## [WHAT IS REQUIRED]
Print every line below exactly. Skip the pictures.

## [SUPPLIED INFORMATION]
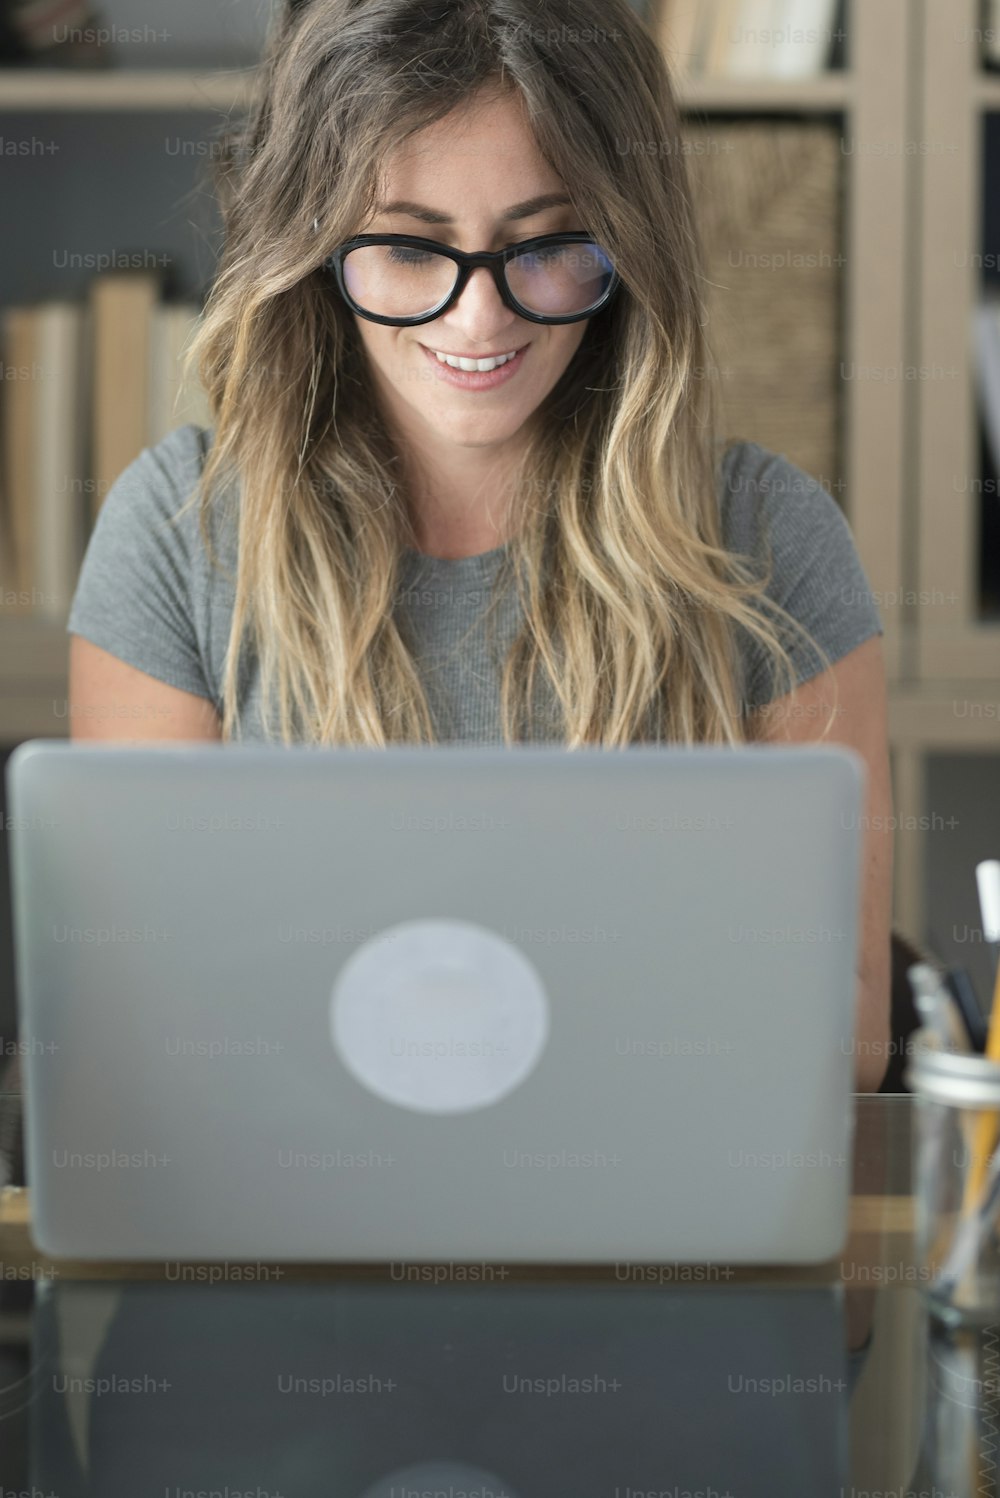 Jolie femme avec des lunettes de lunettes travail à la maison sur ordinateur portable - femmes intelligentes travaillant au bureau regardant le moniteur - travail professionnel moderne concept de style de vie indépendant
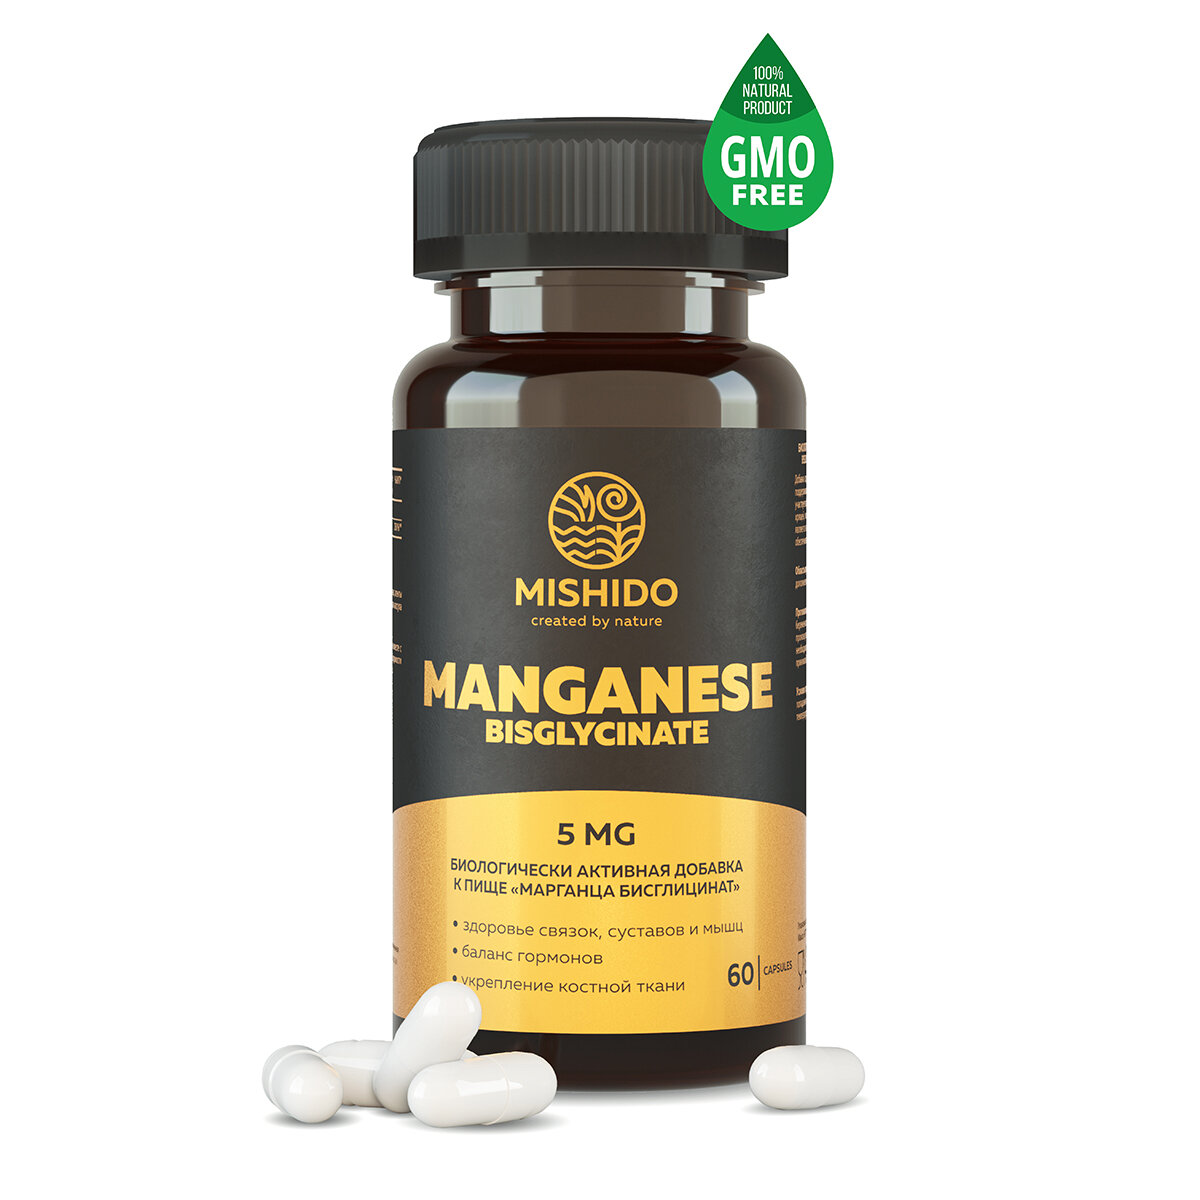 Марганец Бисглицинат марганца хелат 60 капсул Manganese Bisglycinate Biocaps MISHIDO спортивные витамины для костей сердца сосудов нервной системы
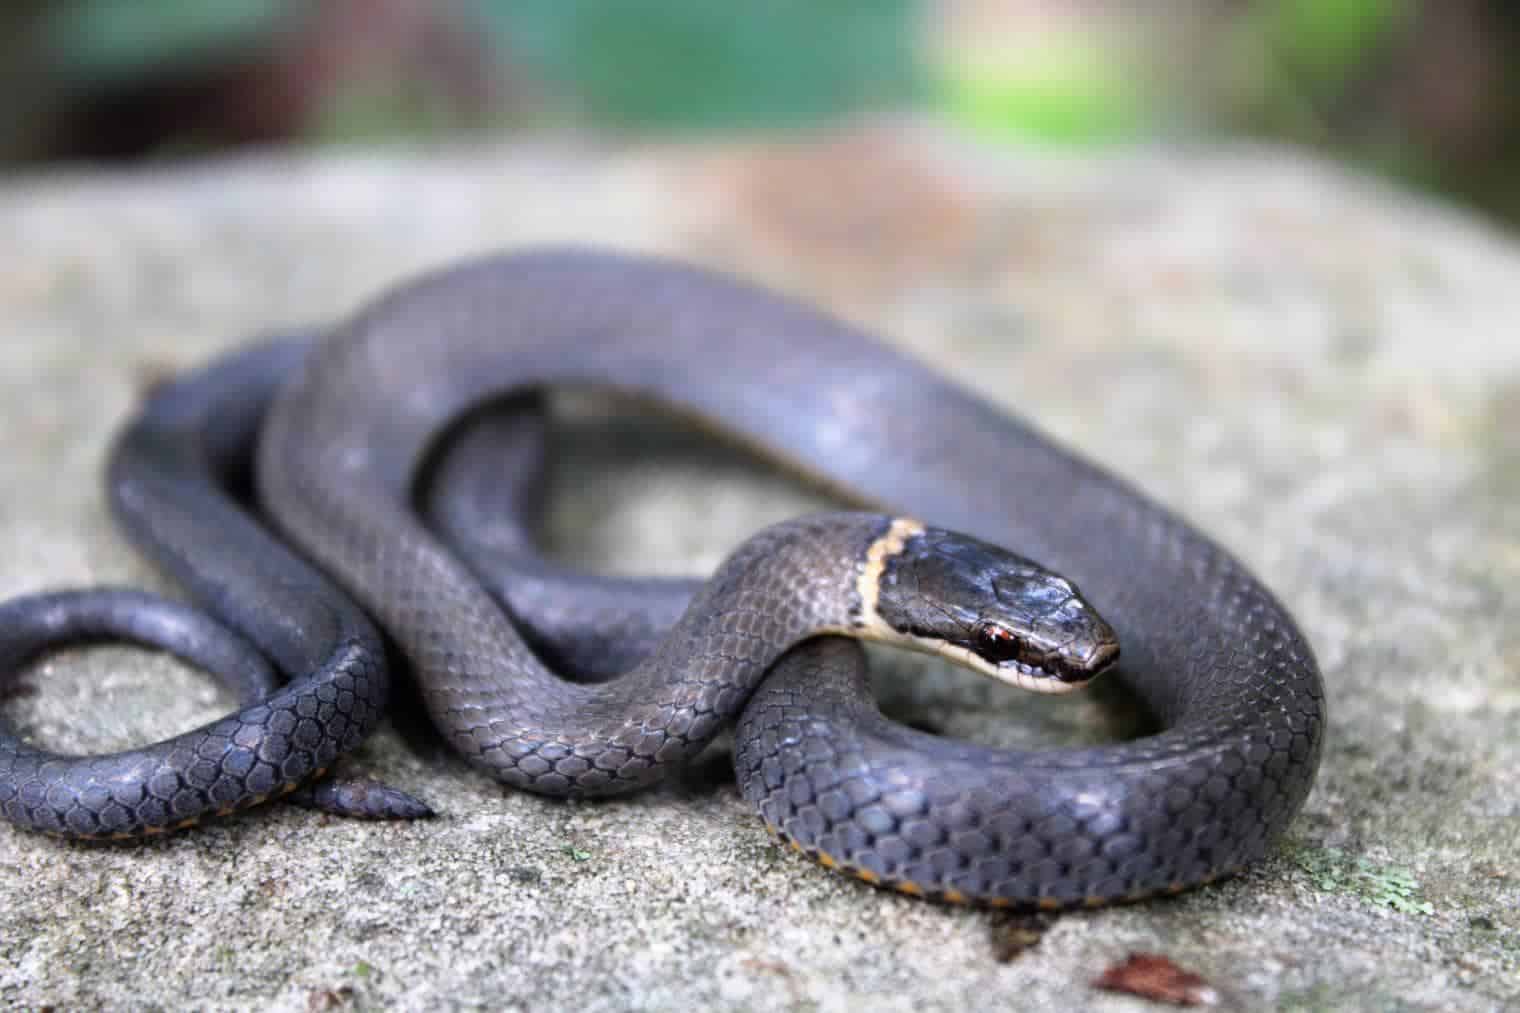 Ring-necked snake_Tucker Heptinstall_Shutterstock

## [ANSWER AREA]
 Jolie femme avec des lunettes de lunettes travail à la maison sur ordinateur portable - femmes intelligentes travaillant au bureau regardant le moniteur - travail professionnel moderne concept de style de vie indépendant
 Марганец Бисглицинат марганца хелат 60 капсул Manganese Bisglycinate Biocaps MISHIDO спортивные витамины для костей сердца сосудов нервной системы
 Ring-necked snake_Tucker Heptinstall_Shutterstock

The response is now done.